I seem to have destroyed the pads

I recently installed D3 and D4 into the D5 and D6 locations. Yeah, oops... I was lucky enough to be able to remove the parts and excess solder (and not the pads) but it cost me a bundle in that I ended up purchasing a desolder station to do the work. Hmm. Yes, the 4-layer 3 ground plane boards can be challenging!

Your new solder location looks correct - so says the schematic. Just double check the orientation before soldering it down. (I know you will this time!)

BTW: Geez, Mark. That flying wireloop reference is something I never knew before. Cool!
If one wished to go off-piste and use a VRDN at say +/- 24Vdc.
Would a good way to do it be to change R7/R10 to 2.5k for a total series resistance of the R7/R8/VR1 and R9/R10/VR2 complexes of 4.18K and thus allow up to: 24.66Vdc.

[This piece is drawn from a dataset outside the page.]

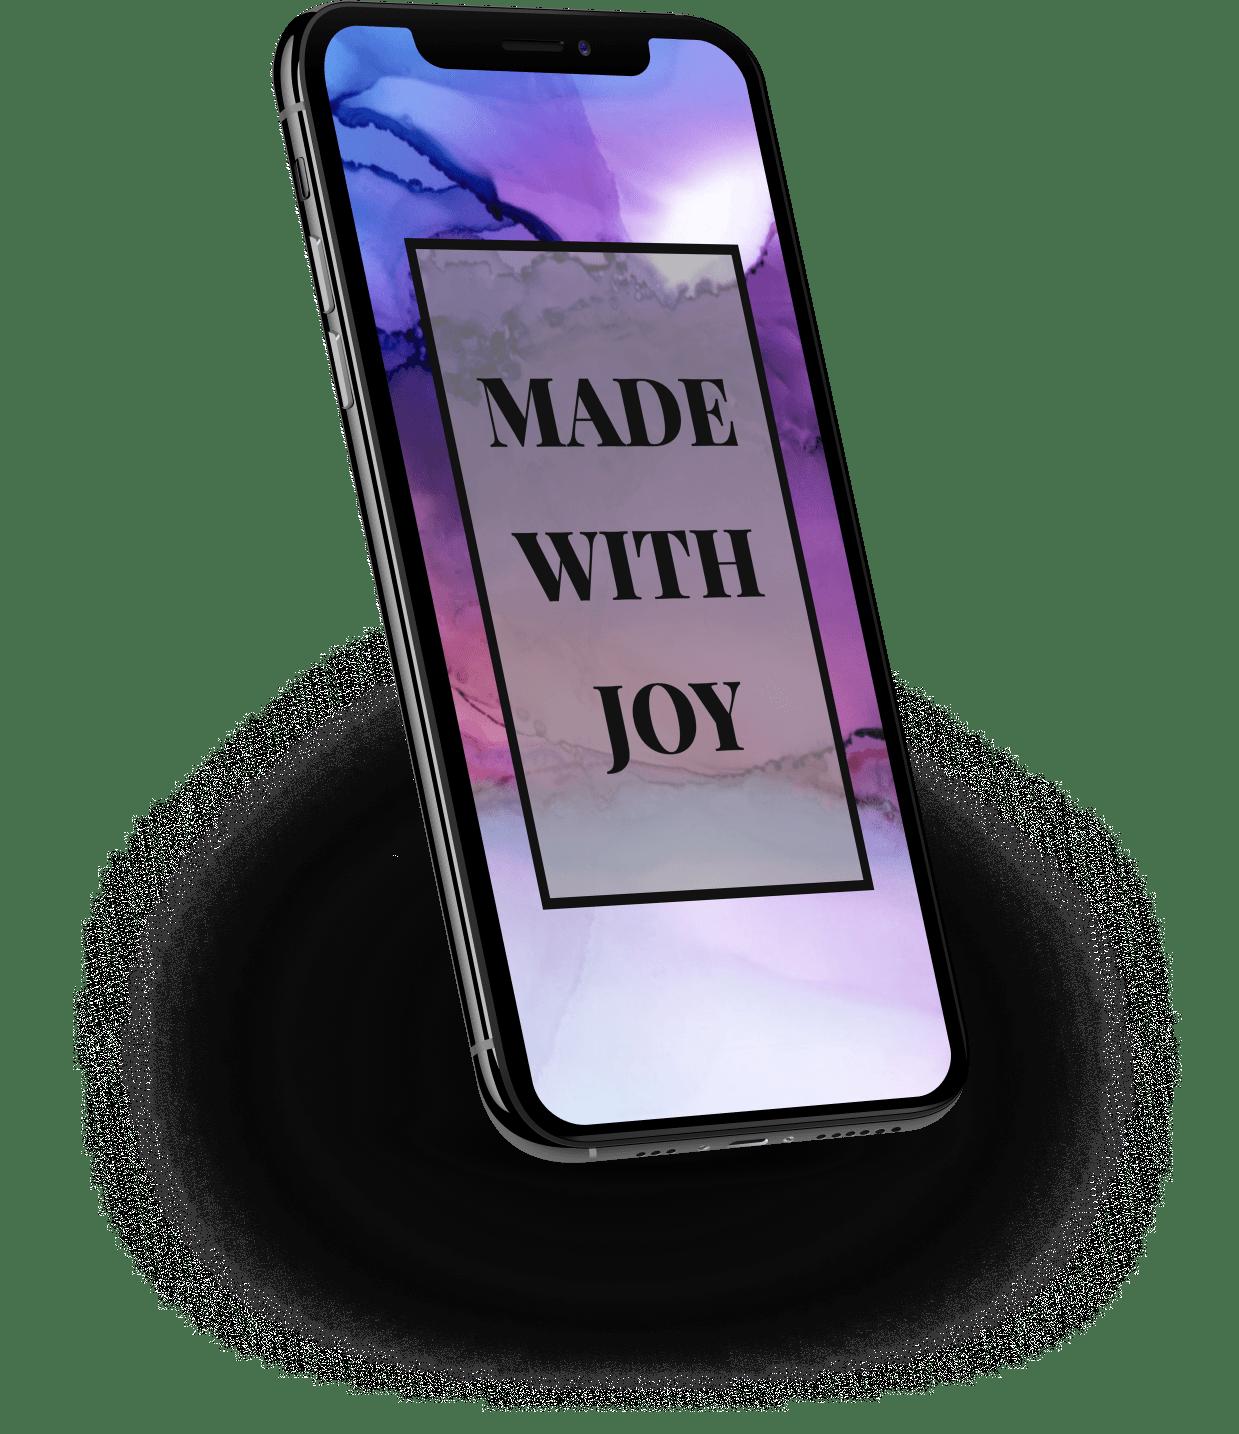 Mobiltelefon mit dem Spruch

Assuming of course that capacitors were uprated etc.

Other than this being unverified, is there anything that makes this a fundamentally dumb idea?
Can the MOV handle the extra voltage? What about the regulators, diodes and rectifier bridge? It's going to be more than just the resistors and caps. Or maybe those components are already in your "etc" list...!
Excellent questions.

Quick mental maths suggests I would want at least 29v before the regulator for the (as I understand) 5v dropout for the regulators.
2x 1.5v for the bridges (I think that is correct for a dual bridge arrangement).
Drop across the R3/R5 and R4/R6 would be 0.04v for the circa 50mA current I would be running.
That gives something like 32Vdc rails.
Working backwards I would need something like 23Vac secondaries on the transformer.

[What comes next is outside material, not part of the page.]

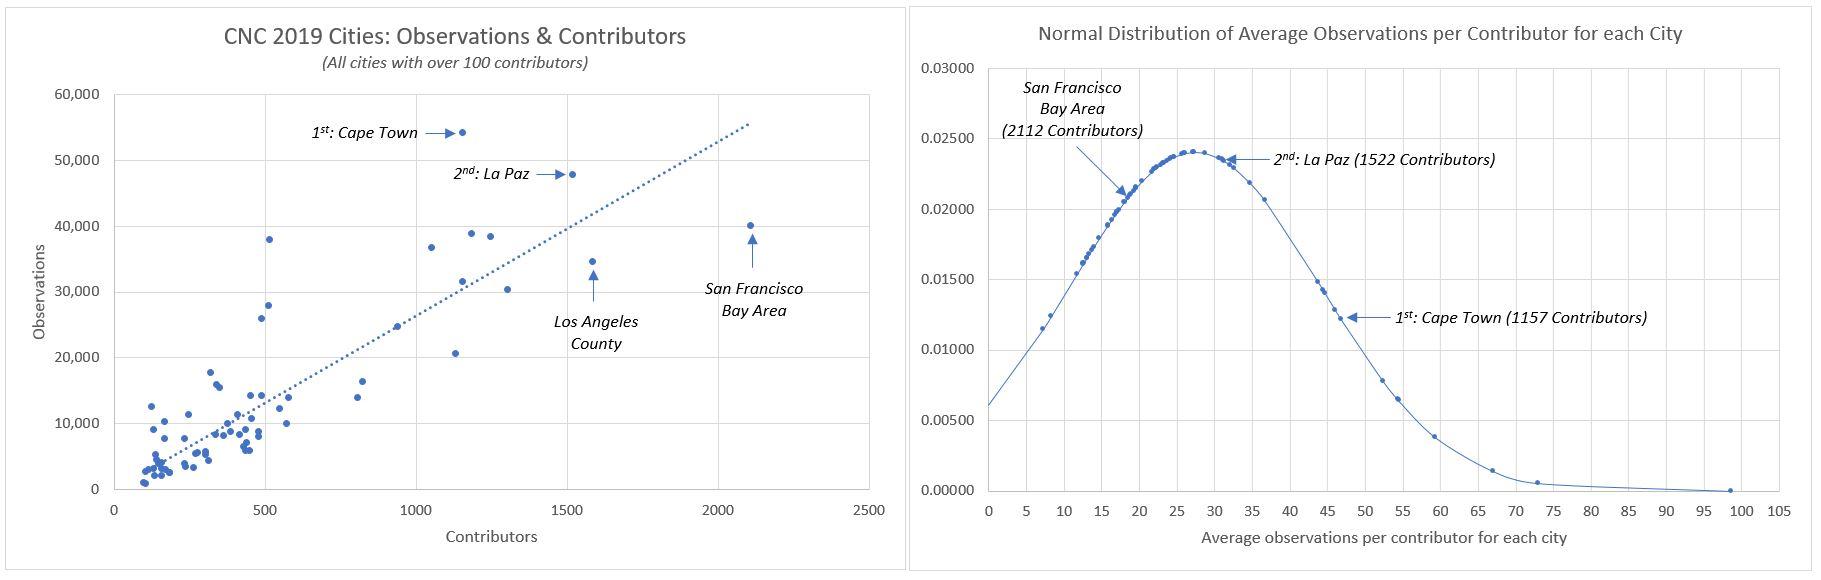 200228 - CNC2019 Graphs

The bridges are 600v rated so I don't see a problem there.
I can't find the specification in the data sheet but these regulators seem to be typically able to handle 35Vdc input.
1N4004 are 400v rated
1N4148 are 100v rated
The V05E40P has a rating of 40Vac and 56Vdc.

Those all look good to me.

I guess that answers the question. It should all work unless there is something else I am misunderstanding?
You've certainly done your homework, and the parts do appear that they might work. I'd think the original designer will say that this was not the intention of the circuit, however, but will probably also say hey, there are no guarantees by going off-piste with the design. If you can get it running and stable then hats off to you!
Am I correct that an LM317/337 chip passing say 20mA doesn't need a heatsink?

By my calculations:
P = EI = 5v drop across the regulator x 0.02A = 0.1W

According to the data sheets for the recommended On Semi Reg The Thermal resistance from Junction to Ambient is 65C/W
Therefore 0.1W with no heatsink would be 0.1w x 65C/W = 6.5C Rise above ambient?

Have I missed anything?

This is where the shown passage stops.